I would name guppies, platies and mollies. Small tetras and corydoras would be OK. Any small fish, which does not nip on fins of a slow fish.


----------



## GEN1Dawg91 (Jul 30, 2011)

*Re: What are some compatiable fish & inverts for a 10g community tank, with a betta?*

I just saw a webpage that has pygmy corydoras and they looked good and tetras sounds good to.

Any other suggestions like filters I was thinking of a aquaclear i saw it has a adjustable flow fate.


----------



## susankat (Nov 15, 2008)

*Re: What are some compatiable fish & inverts for a 10g community tank, with a betta?*

Do not put guppies with bettas. Bettas will look at them as another betta and will kill it. I think a group of panda cories or even hasbrosus would work with the betta. Maybe add a snail to help with algae control. Mollies will get to big to actually thrive in a 10 gal.


----------



## ufimych (May 9, 2011)

*Re: What are some compatiable fish & inverts for a 10g community tank, with a betta?*

I used to keep fancy guppies with my betta males. They were perfectly compatible. Usually I never worried about bettas as a danger to any fish. I worried much more about other fish, which could be a danger to my betta's fins.


----------



## majerah1 (Oct 29, 2010)

*Re: What are some compatiable fish & inverts for a 10g community tank, with a betta?*

from doing a search,Badis badis inhabit the same waters as bettas.Some others are:

Tinfoil barbs
Siamese algae eater
Pearl danio
Blue danio
Black Tetra
Glolight rasbora
Harliquin Rasbora

Freshwater fish of Thailand

As for inverts,they may become food for the fish.I am working on a list of plants that are native to the habitat as well.If you want to stay true then go ahead with the indian almond leaves as they are native.

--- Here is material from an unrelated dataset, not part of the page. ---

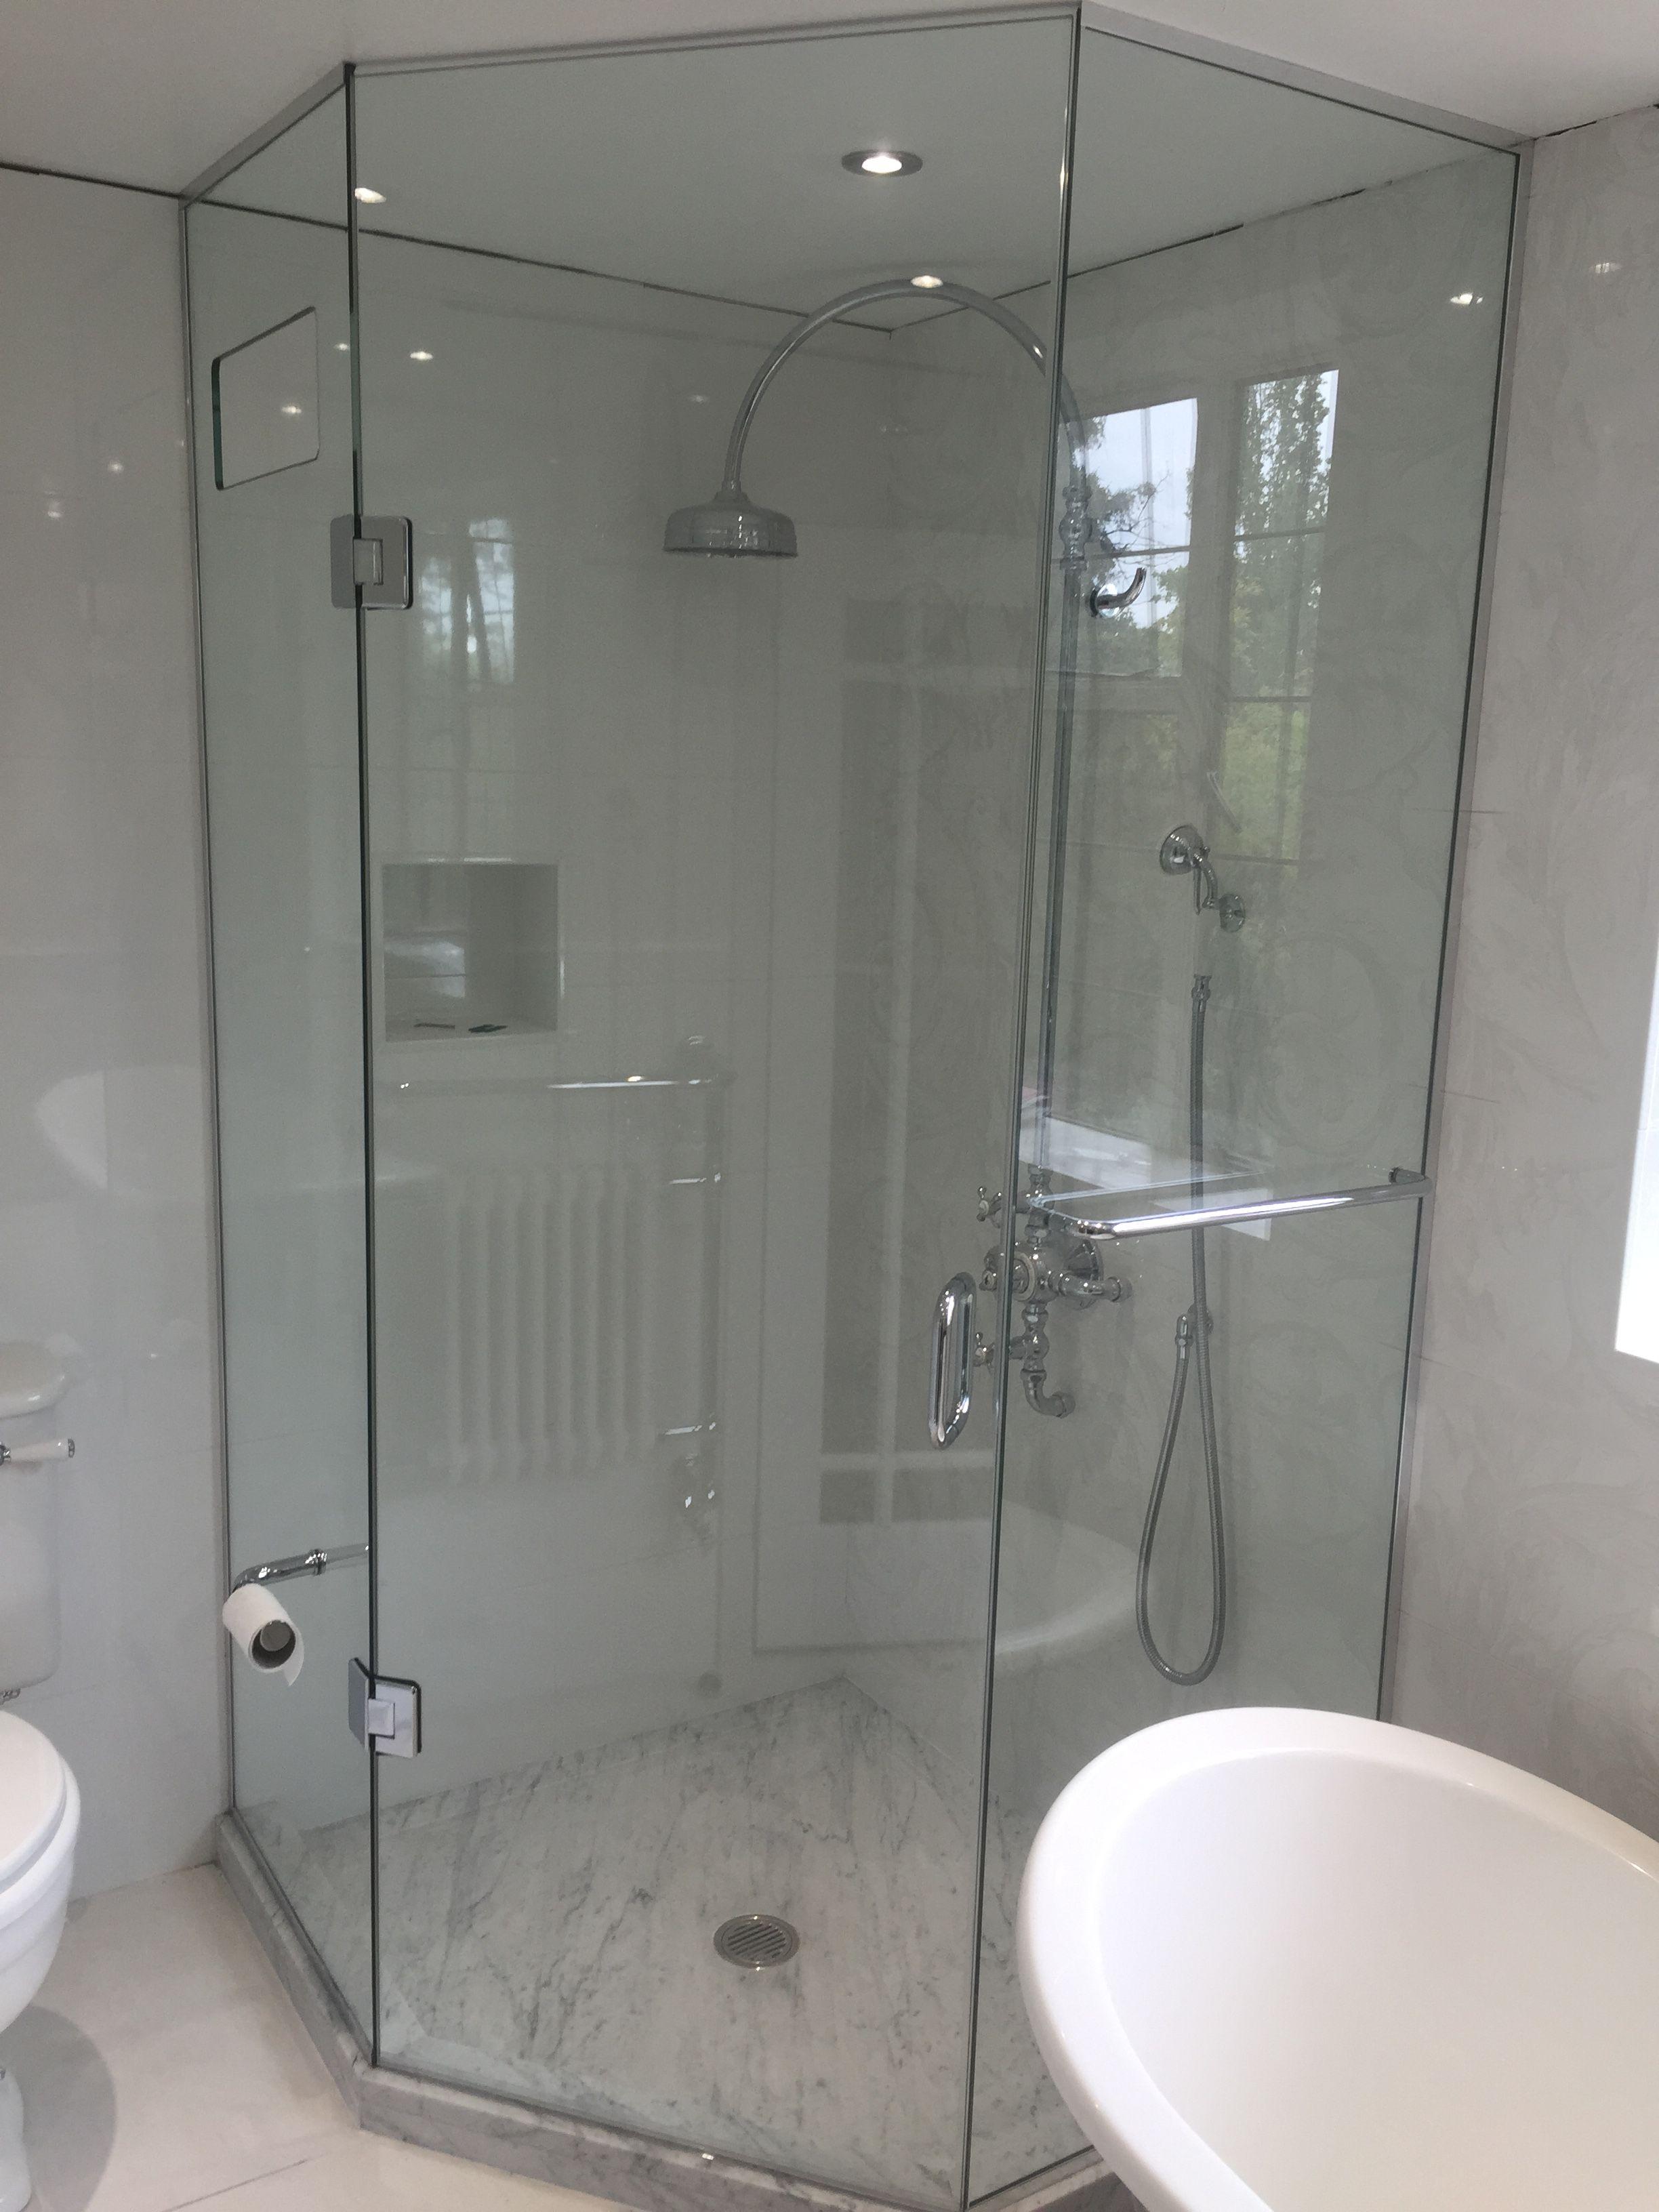 Frameless Pentagonal Shower Enclosure Full Height Floor To Ceiling In Low Iron Glass With Thr House Bathroom Designs Bathroom Design Small Bathroom Interior

Also if you are going for biotope like conditions,look into getting a short finned male,as he will look more natural.


----------



## GEN1Dawg91 (Jul 30, 2011)

*Re: What are some compatiable fish & inverts for a 10g community tank, with a betta?*

I'm making the tank for my mother so I'm gonna let her pick out the betta, roundtails do come in bright colors also don't they.
The inverts are going to be part of a matence team somewhat.
And I got a peice of mopai wood that im gonna chop in half to create a makeshift tunnel.
Which type of filters would be best for the this tank that I'm planning to build: a power filter, a canister filter, a undergravel, or a combination of the two?
And I know this is a crazy question but my ma wanted me to ask if a ram would be suitable in the tank to? ( It's official she don't know fish haha)


----------



## majerah1 (Oct 29, 2010)

*Re: What are some compatiable fish & inverts for a 10g community tank, with a betta?*

No rams,they need more room.

On the filter,if you can get a canister that has a flow regulator,that would be good,just dont let the flow get too powerful.

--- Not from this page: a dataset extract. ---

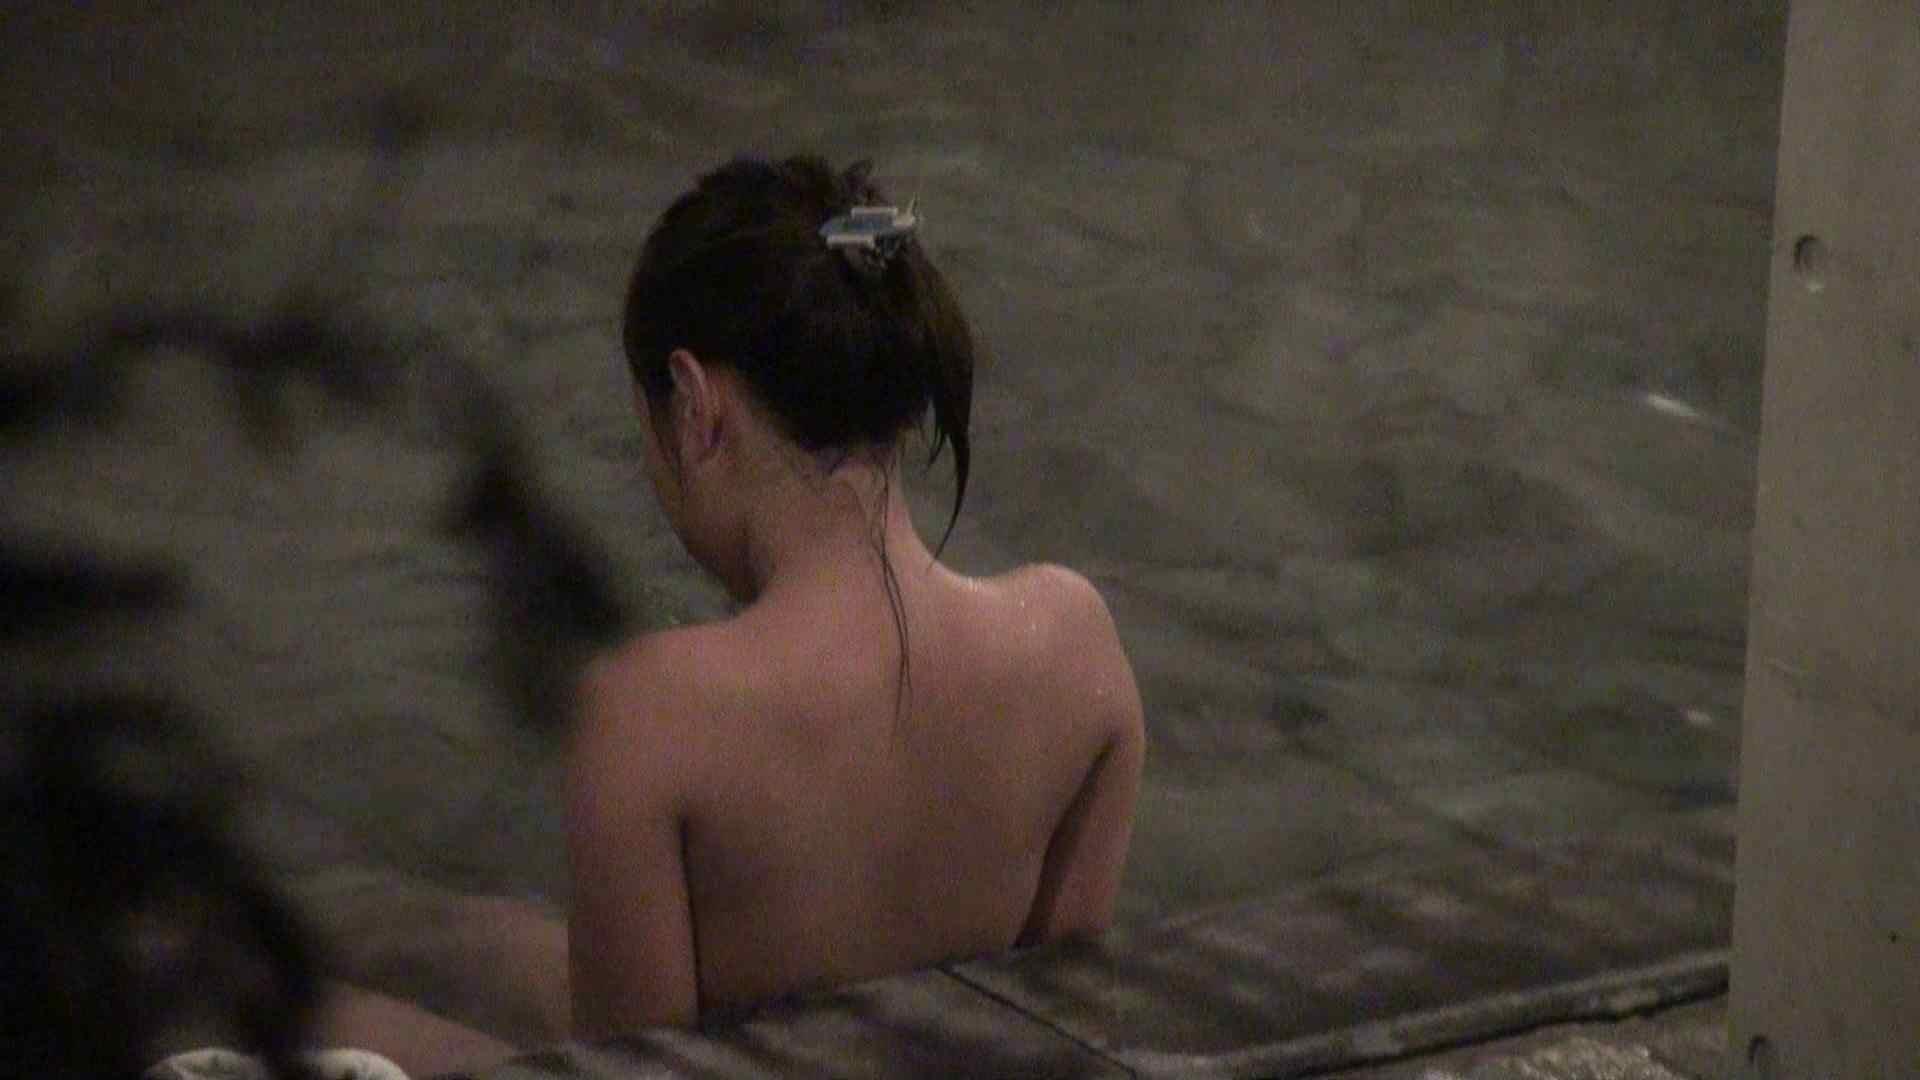 Aquaな露天風呂Vol.407 盗撮 ぱこり動画紹介 107画像 107

plakats do indeed come in bright colors like the longfins.I personally prefer them to the long fins as they seem more elegant to me.


----------



## GEN1Dawg91 (Jul 30, 2011)

*Re: What are some compatiable fish & inverts for a 10g community tank, with a betta?*

yea my ma said that she likes the color of the spendens.

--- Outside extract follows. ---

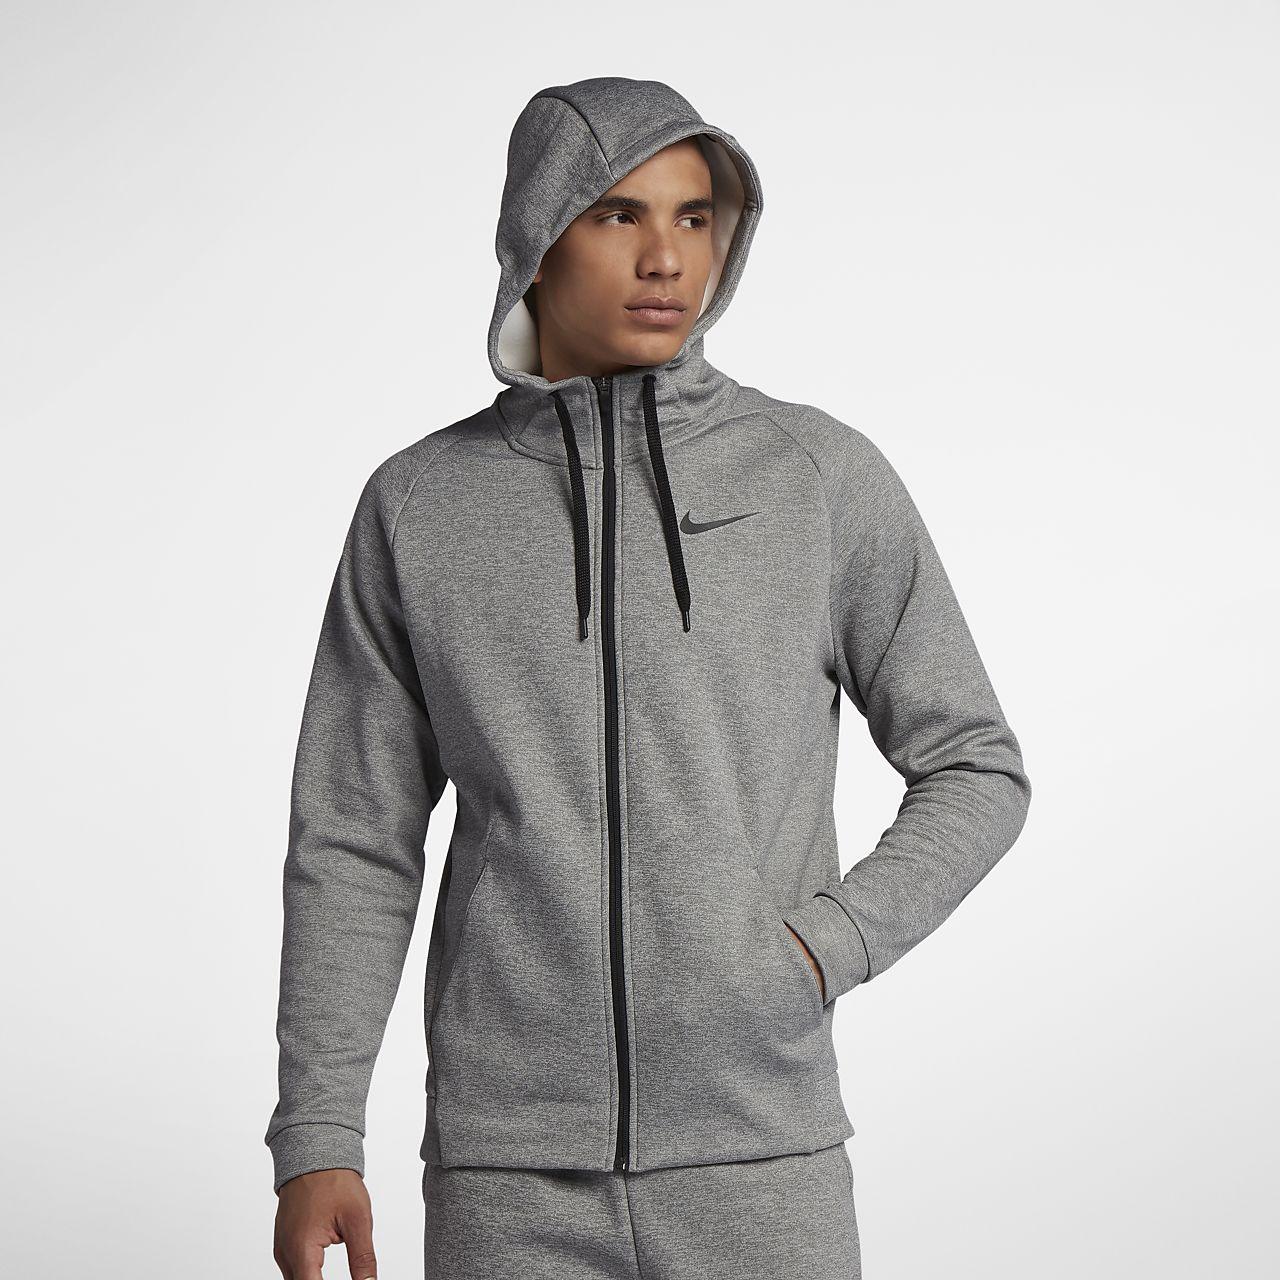 855d356dd Nike Dri-FIT Therma Men's Full-Zip Training Hoodie. Nike.com SE

The bistope thing well im gonna do my best no matter what, I'm gonna have a natural wall of rock of some plant mat the plastic backgrounds are bland to me

I just got a 29g tank & stand, I might just make the community tank in it instead fo getting another tank, do yall think that is a better size tank and would it might open up more possiblities for tankmates with the betta?


----------



## majerah1 (Oct 29, 2010)

*Re: What are some compatiable fish & inverts for a 10g community tank, with a betta?*

Indeed a 29 would do very well!You can get a better filter and it will be more stable.

What color of betta are you looking for?


----------



## GEN1Dawg91 (Jul 30, 2011)

*Re: What are some compatiable fish & inverts for a 10g community tank, with a betta?*

i dont know what color yet since im gonna let that be her decision lol


----------



## ohiobr (Jan 26, 2011)

*Re: What are some compatiable fish & inverts for a 10g community tank, with a betta?*

I've got a 10 gallon with a betta, 3 otos, and 3 peppered cory cats.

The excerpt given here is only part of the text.